The Lambda Script Terraform requires some additional permissions to those above:

  • AmazonEC2ContainerRegistryFullAccess
  • AmazonEventBridgeFullAccess
  • AWSLambda_FullAccess

Further to the above, an IAM Role must be defined to allow ECS tasks to be executed:

Bootstrap for Terraform

To store the state and implement a state locking mechanism for the service resources, a Terraform backend is deployed in AWS (an S3 object and DynamoDbTable).

Running the Terraform
  • terraform/main.tf
    • This provisions the resources required to launch the Copilot Dashboard's data collection Lambda script (data logger).

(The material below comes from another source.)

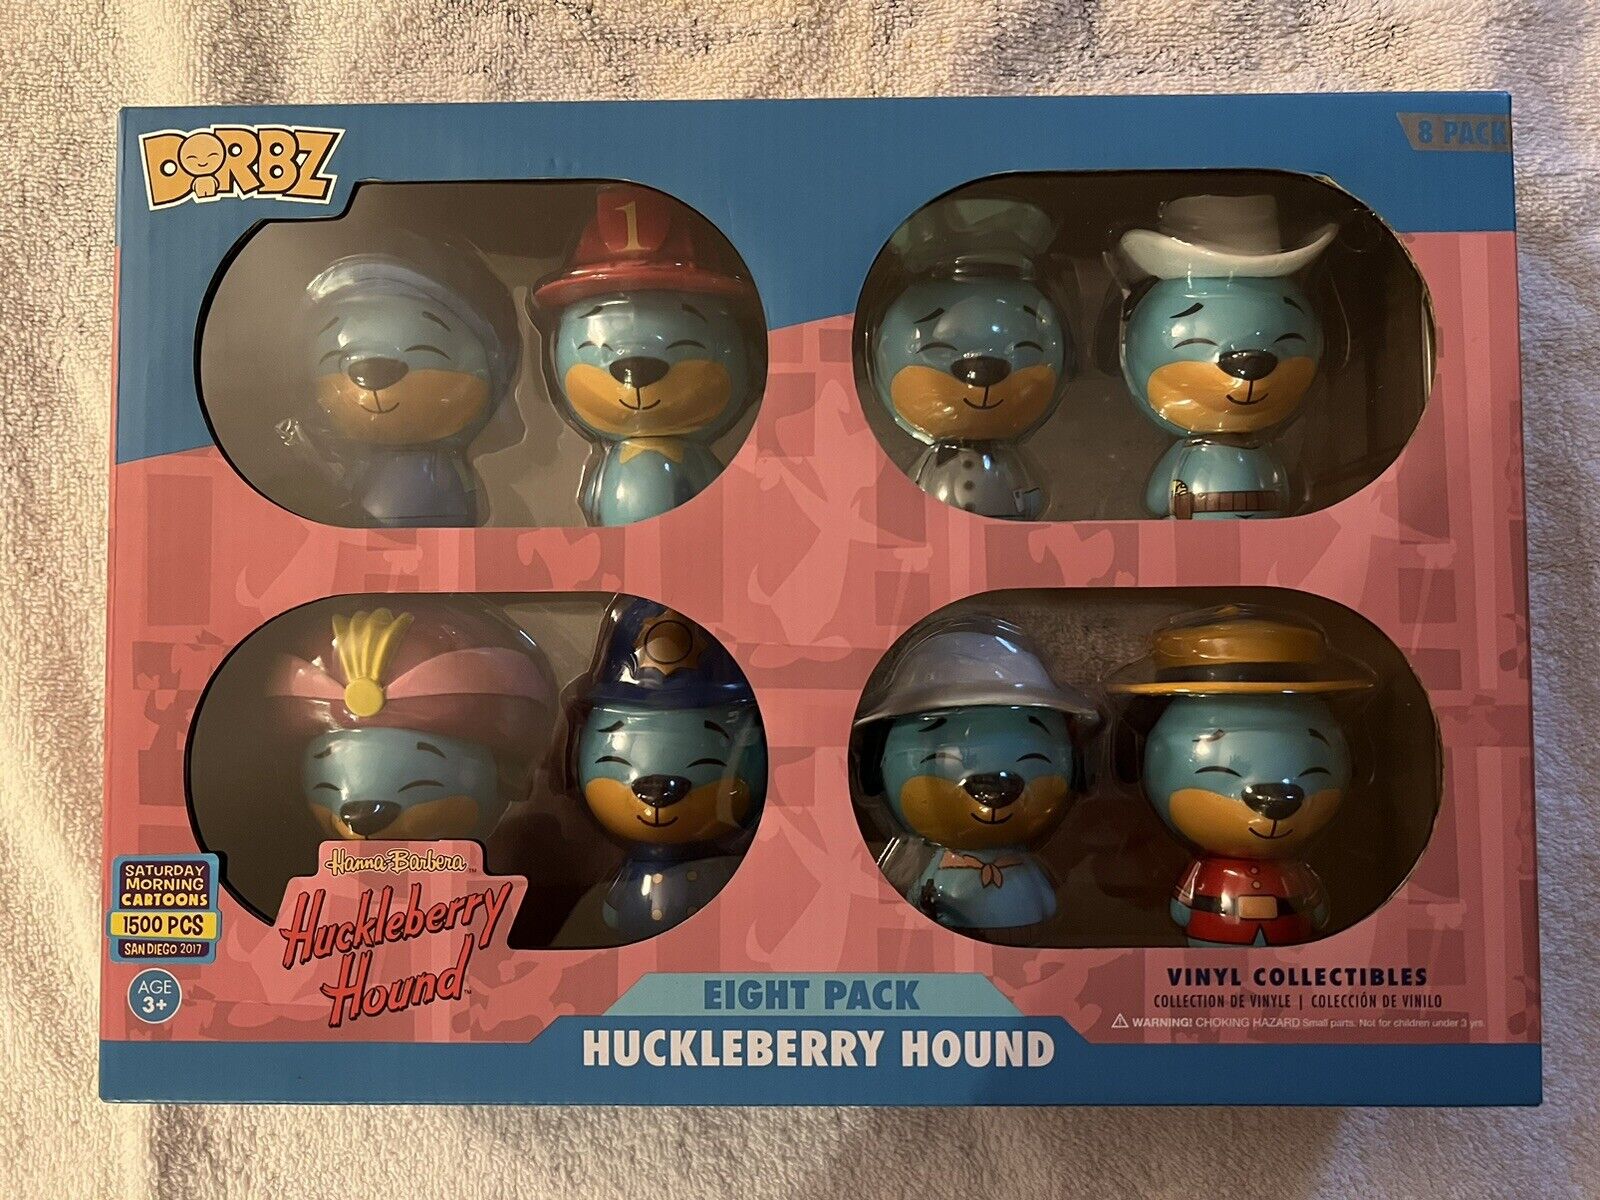 2017 SDCC Exclusive Funko Dorbz Huckleberry Hound 8-pack LE 1500 Made

Depending upon which environment you are deploying to, you will want to run your Terraform by pointing at an appropriate environment tfvars file.

Example service tfvars file: /env/dev/example_tfvars.txt

Updating the running service using Terraform

If the application has been modified, the following can be performed to update the running service:

  • Build a new version of the container image and upload to ECR as per the instructions earlier in this guide.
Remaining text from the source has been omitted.